▶ WORK ORDER:
Set out word for word the line that contains "Jesse Doyle | Accounting Coordinator" and each line after it, through the end of the data below, but exclude the pictures.
#### PROVIDED MATERIAL
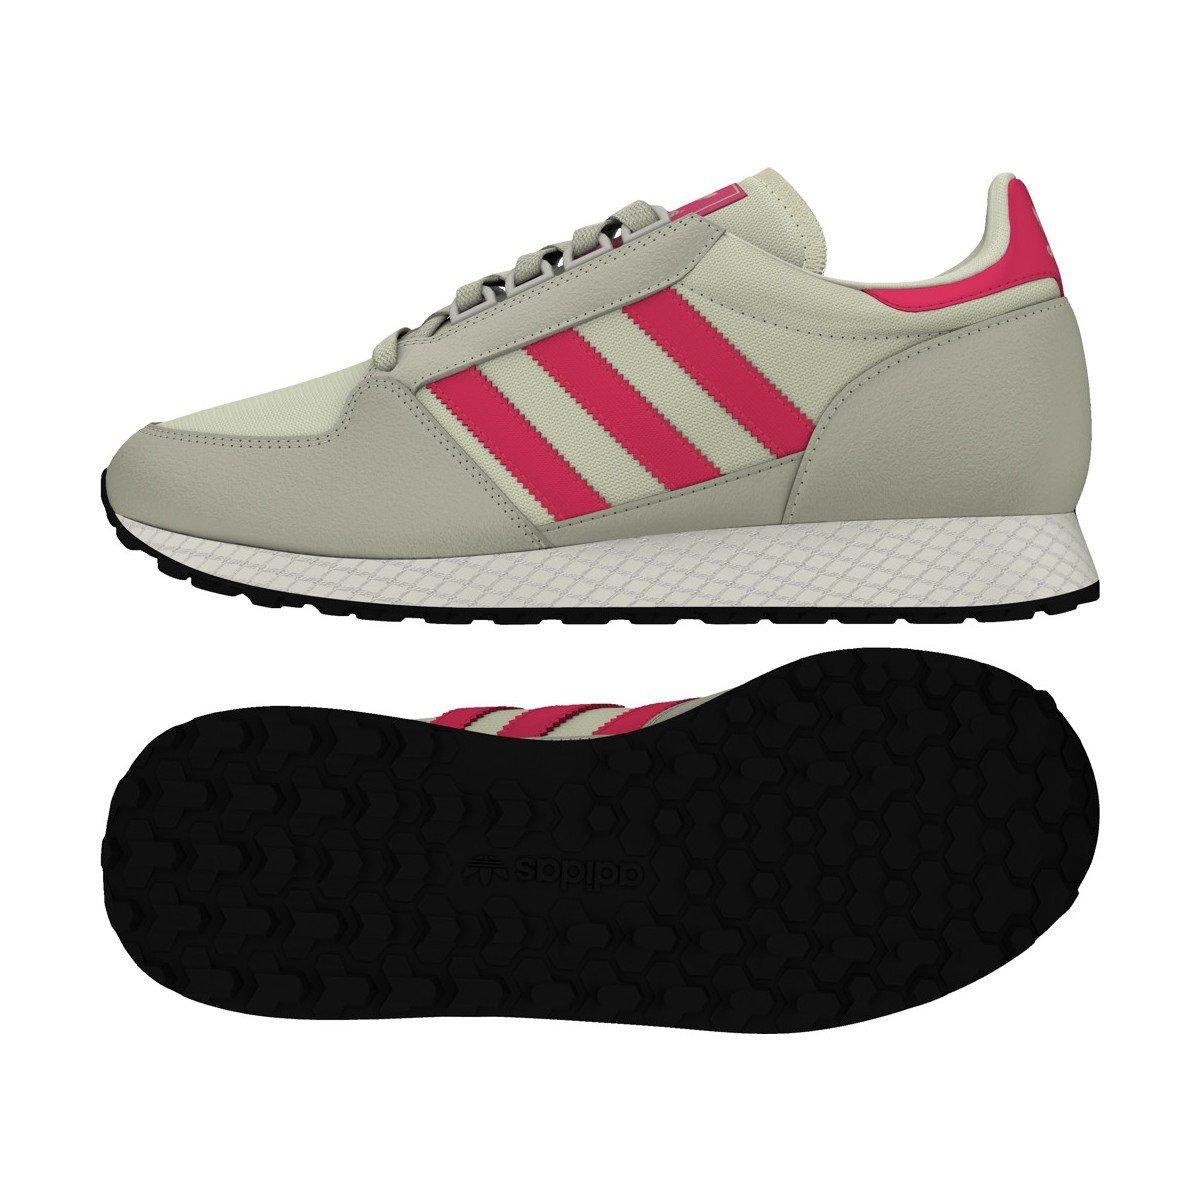 sale retailer bc65f 2f3cb adidas Originals Basket Forest Grove Junior - B37744 Amazon.fr Chaussures  et Sacs
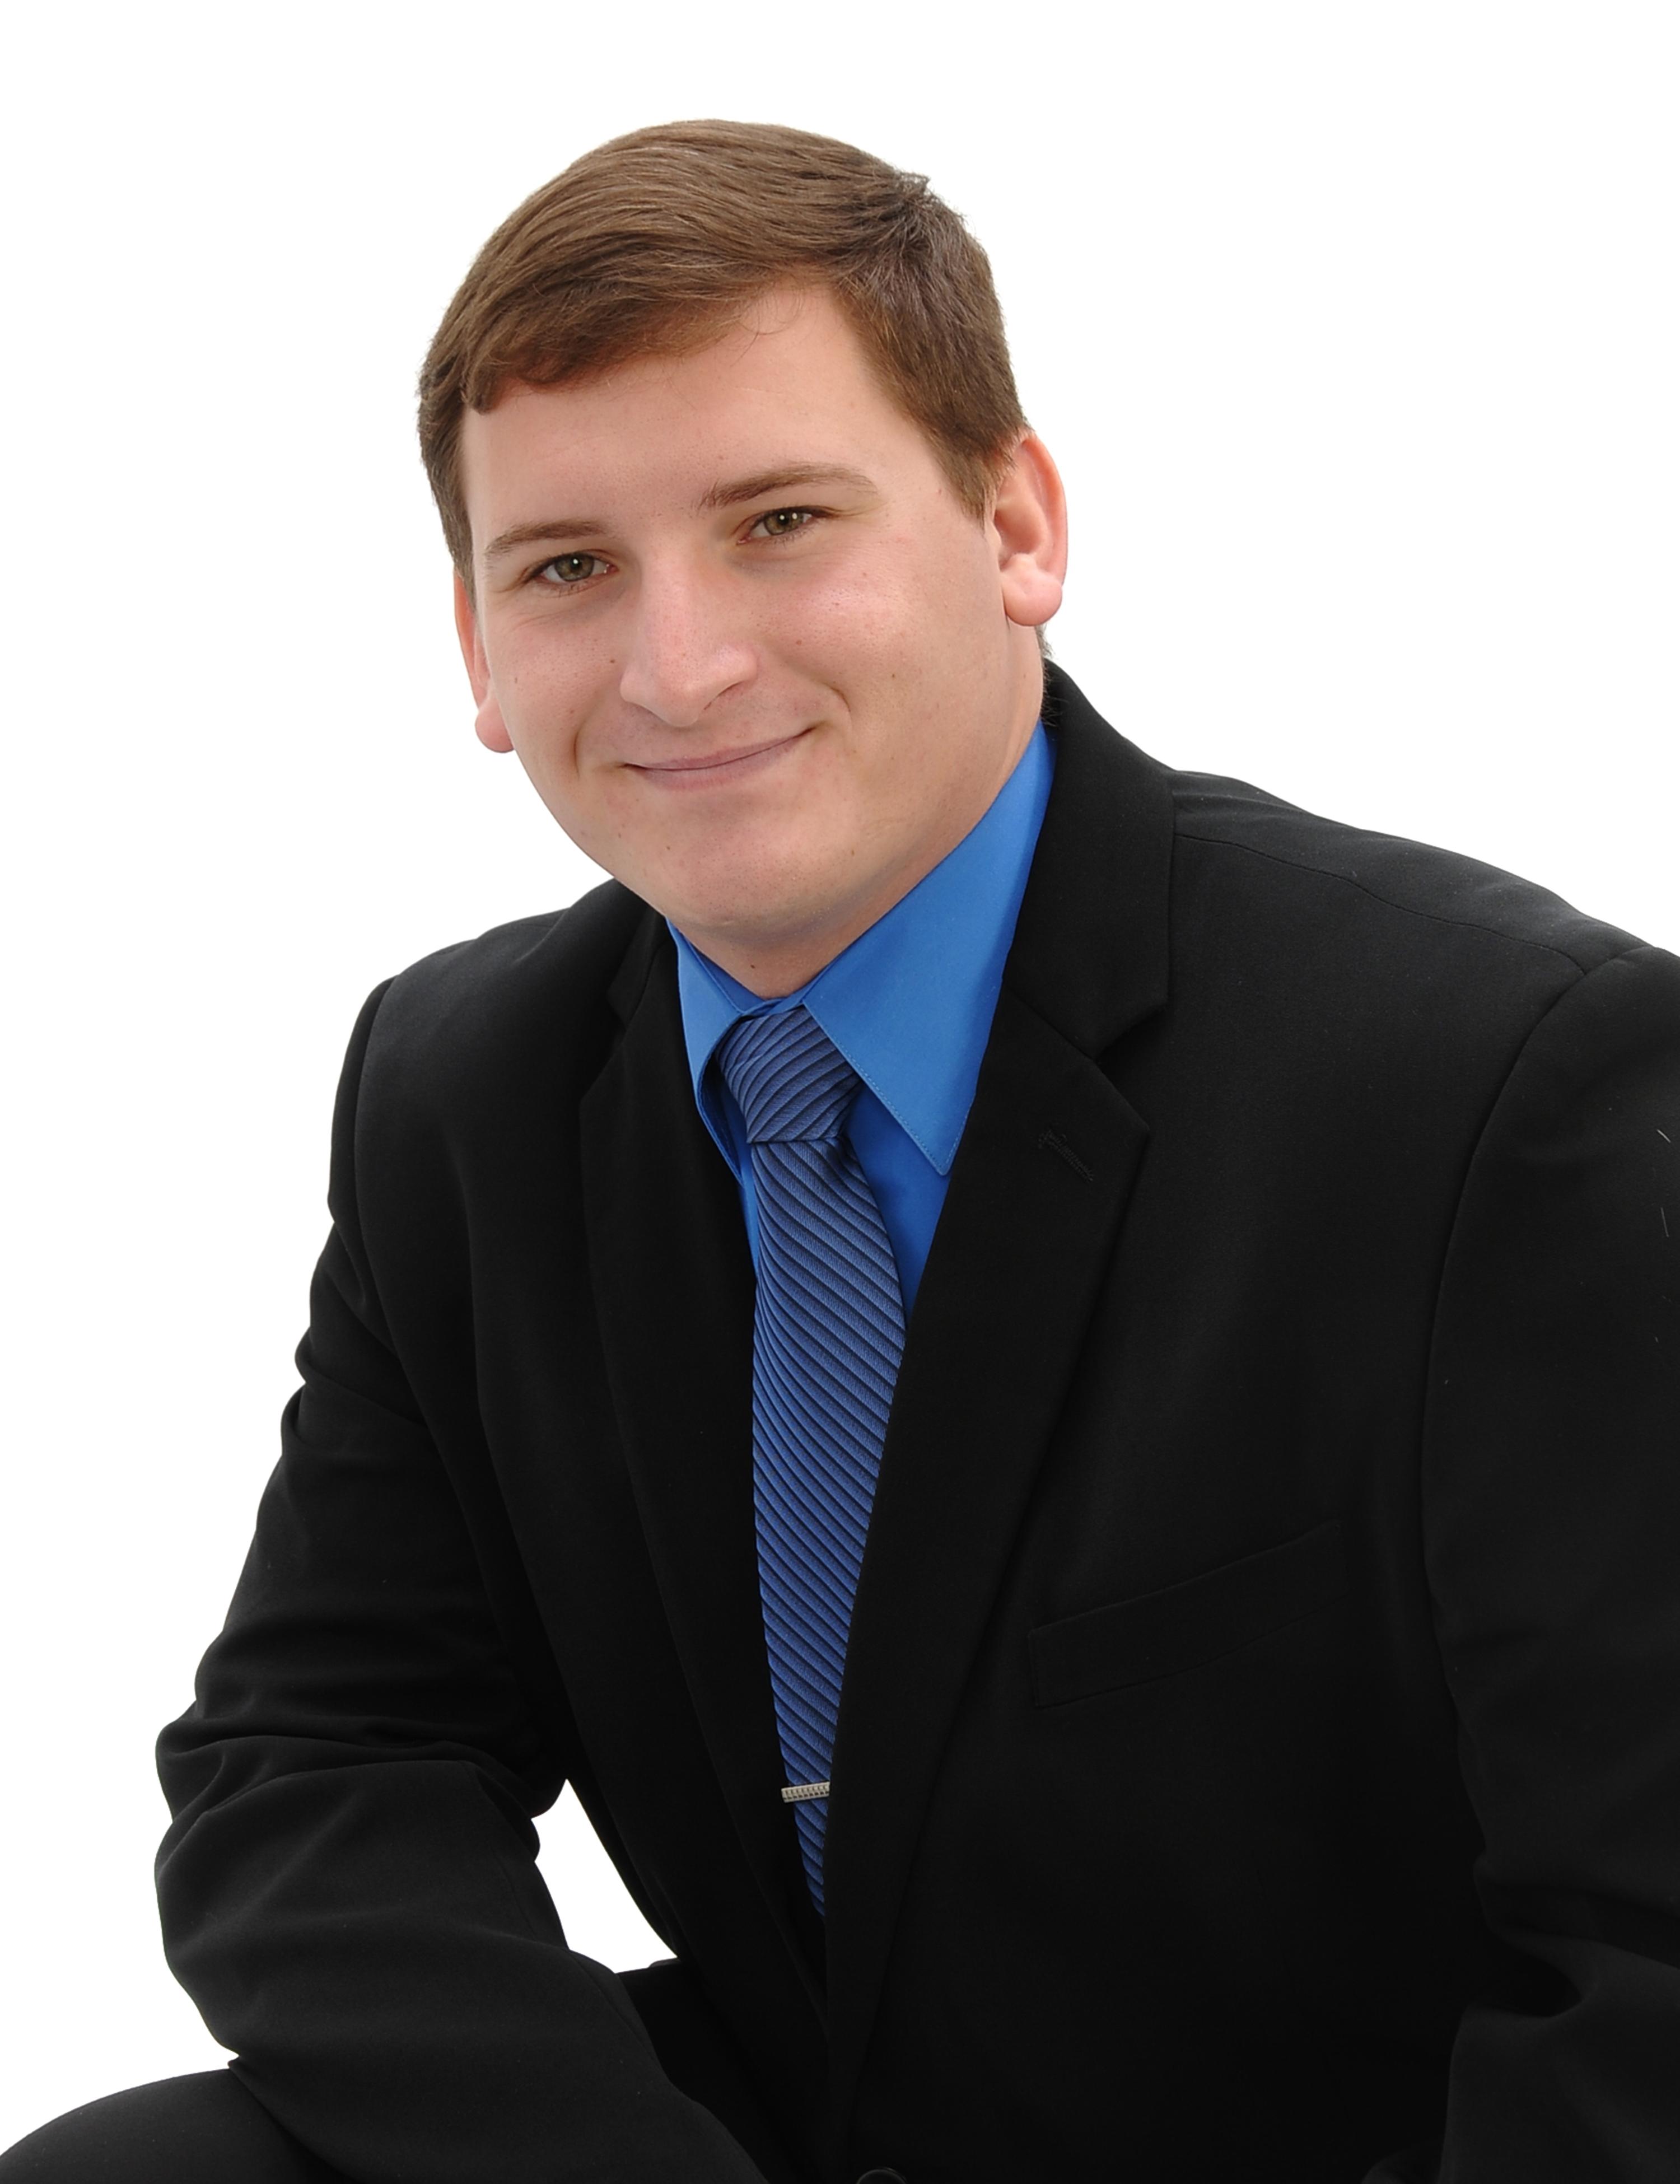 Jesse Doyle | Accounting Coordinator
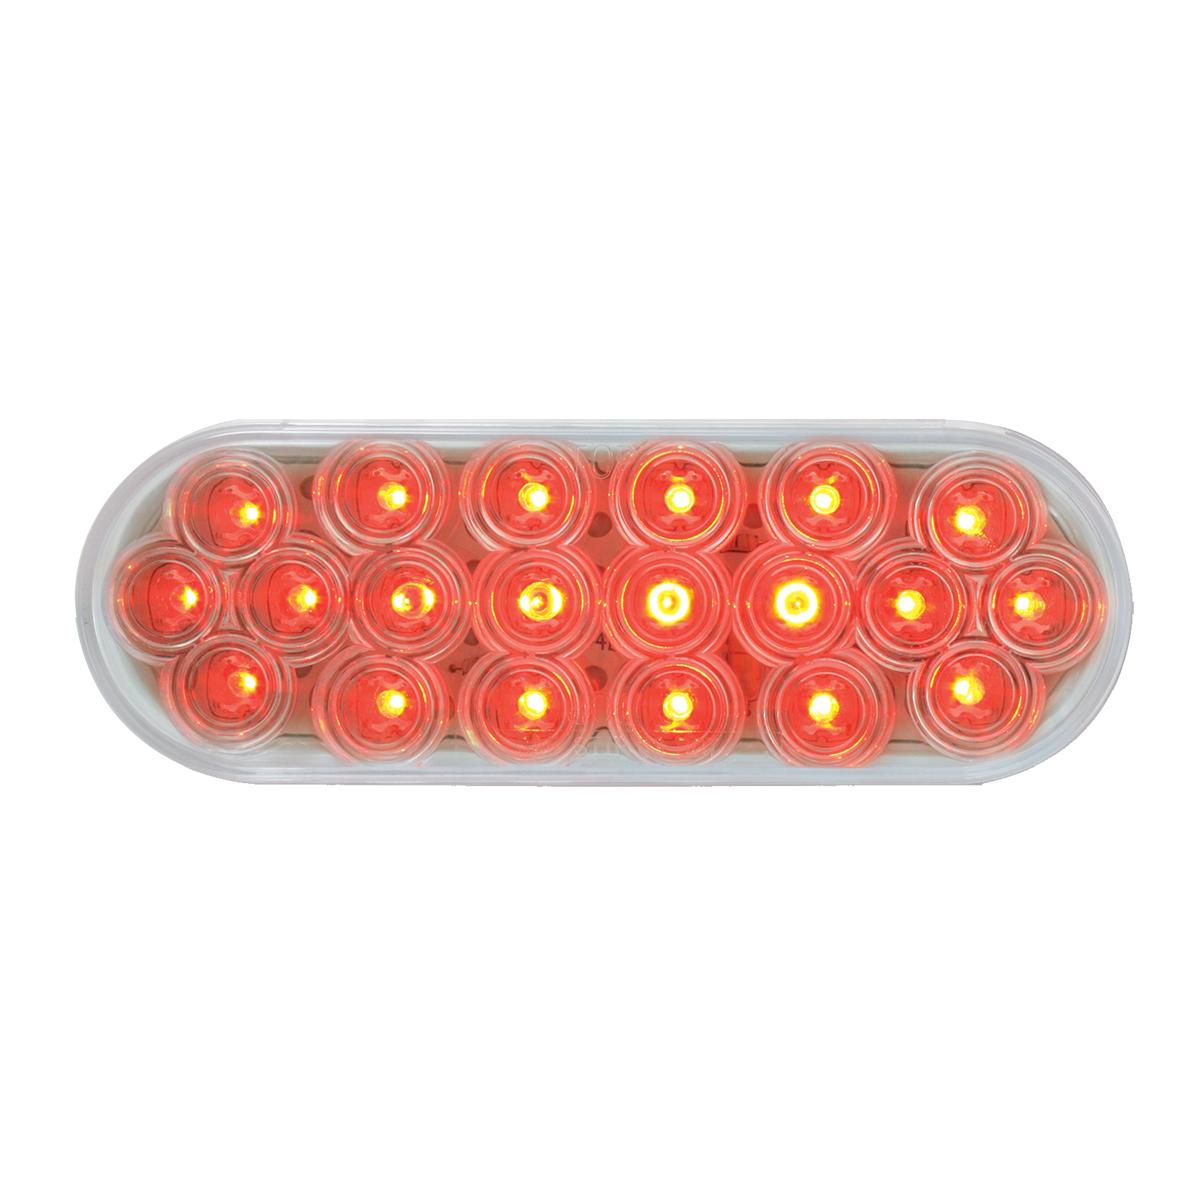 #87729 - Oval Fleet LED Flat Red/Clear Light - Slanted
########
▶ EXERCISE RESPONSE:
 Jesse Doyle | Accounting Coordinator
 #87729 - Oval Fleet LED Flat Red/Clear Light - Slanted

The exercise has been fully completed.